Emotions: Spending is an emotional process. Unfortunately, those emotions have a tendency to sway us in favor of less than rational choices when it comes to our money. Just take a look at the diamond industry. If you’ve ever tried to sell an old engagement ring, for example, you’re likely familiar with how incredibly little value diamonds have on the secondary market. You’re lucky if you get 50 percent of what you paid for it.
Diamonds are a lousy investment with a ridiculous retail mark up. Add financing on top of that and there’s no rational reason to buy a diamond ring unless you have the cash on hand to afford it, except perhaps sentimental value and societal pressure. And considering that money issues are one of the leading causes of divorce, financing the ring and adding to debt or an already tight budget might cost you your marriage altogether. The bottom line: Skip the ring and save the relationship.
“Free” financing: The other reason people finance when they shouldn’t is because they get suckered into interest-free financing promotions. While a period of six to 12 months of zero interest sounds like a good deal, there’s a major catch. If you miss one payment or don’t pay off the entire balance during the promotional period, then you’ll not only get charged high interest from that point on, but you’ll often be charged interest retroactively from the date of purchase. Not a good deal.
So while interest-free financing can work in your favor if you’re able to make all payments on time and in full before the end of the promotional period, it becomes a total gamble when you’re not positive you’ll have the cash to pay it all off in time.
Immediate gratification: If you implement the same strategy of interest-free financing in reverse by making progressive payments towards a purchase in advance, it would be called savings, and there would be no financial risk or consequence if you fell short. Unfortunately, there seems to be a growing tendency to purchase an object first and then work toward paying it off, rather than looking ahead and saving for the next year to buy the object without the gamble.
The fact is, if you can’t keep up with the savings contributions required to afford something, then you probably won’t be able to keep up with the payments required to pay it off, leaving you stuck with horribly high interest rates that could have easily been avoided.

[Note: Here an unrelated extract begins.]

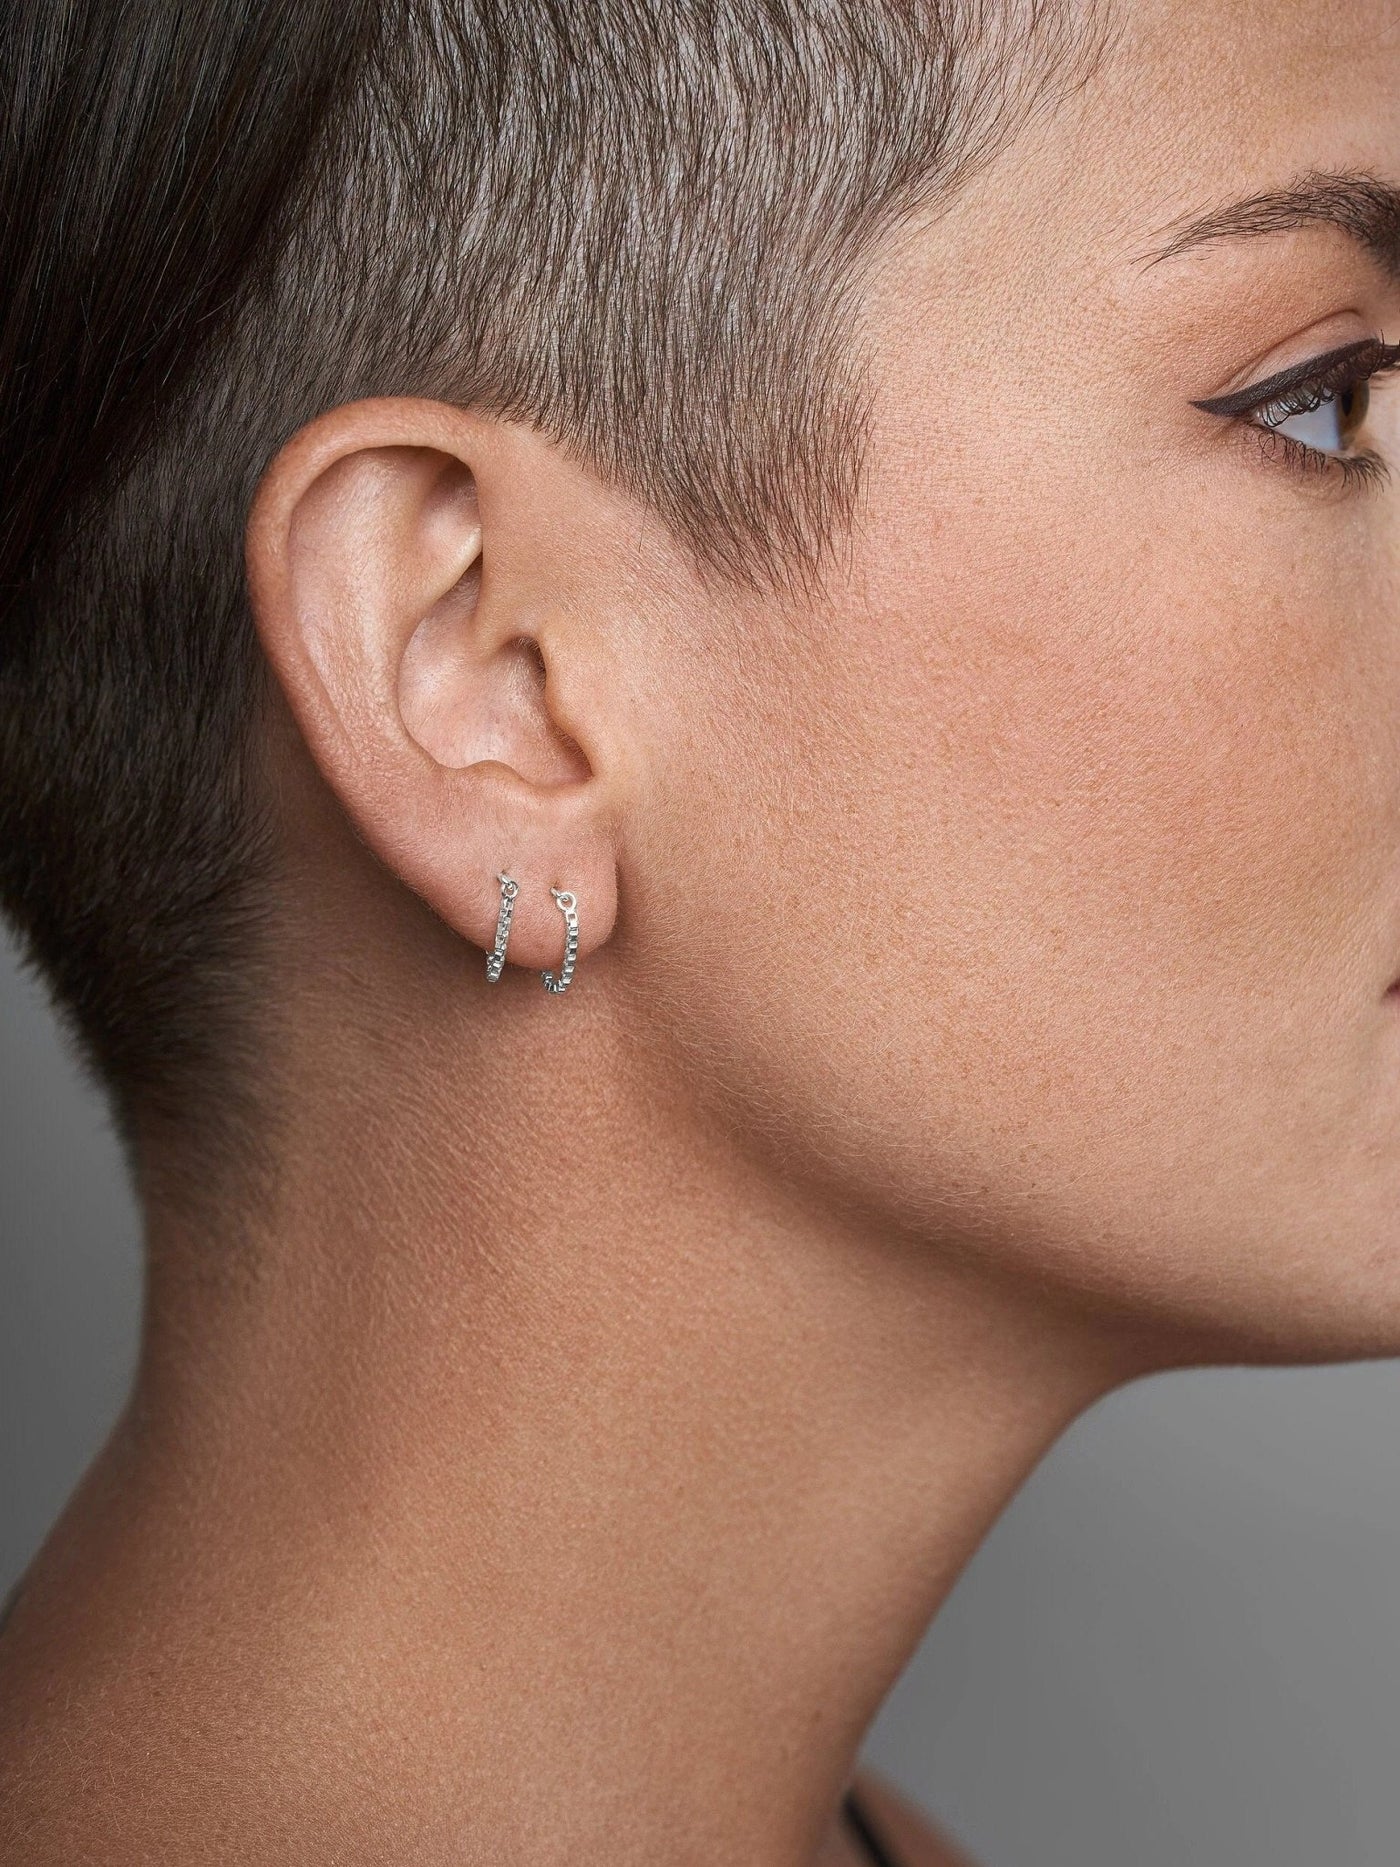 Alisia Ear Threader Earrings - 11925 Sterling SilverBackUpItemsChain Drop EarringsLunai Jewelry

So the next time you’re tempted by a seemingly sweet financing deal you saw on TV or in store, give yourself some time away from the pressure of the pushy salesman or the sentimental nature of the advertisement and take the time to clearly assess the value of what you’re buying without the overwhelming emotional influences. When you’re able to approach financing from a strictly rational and value-based point of view, you’re more likely to make the frugal choice.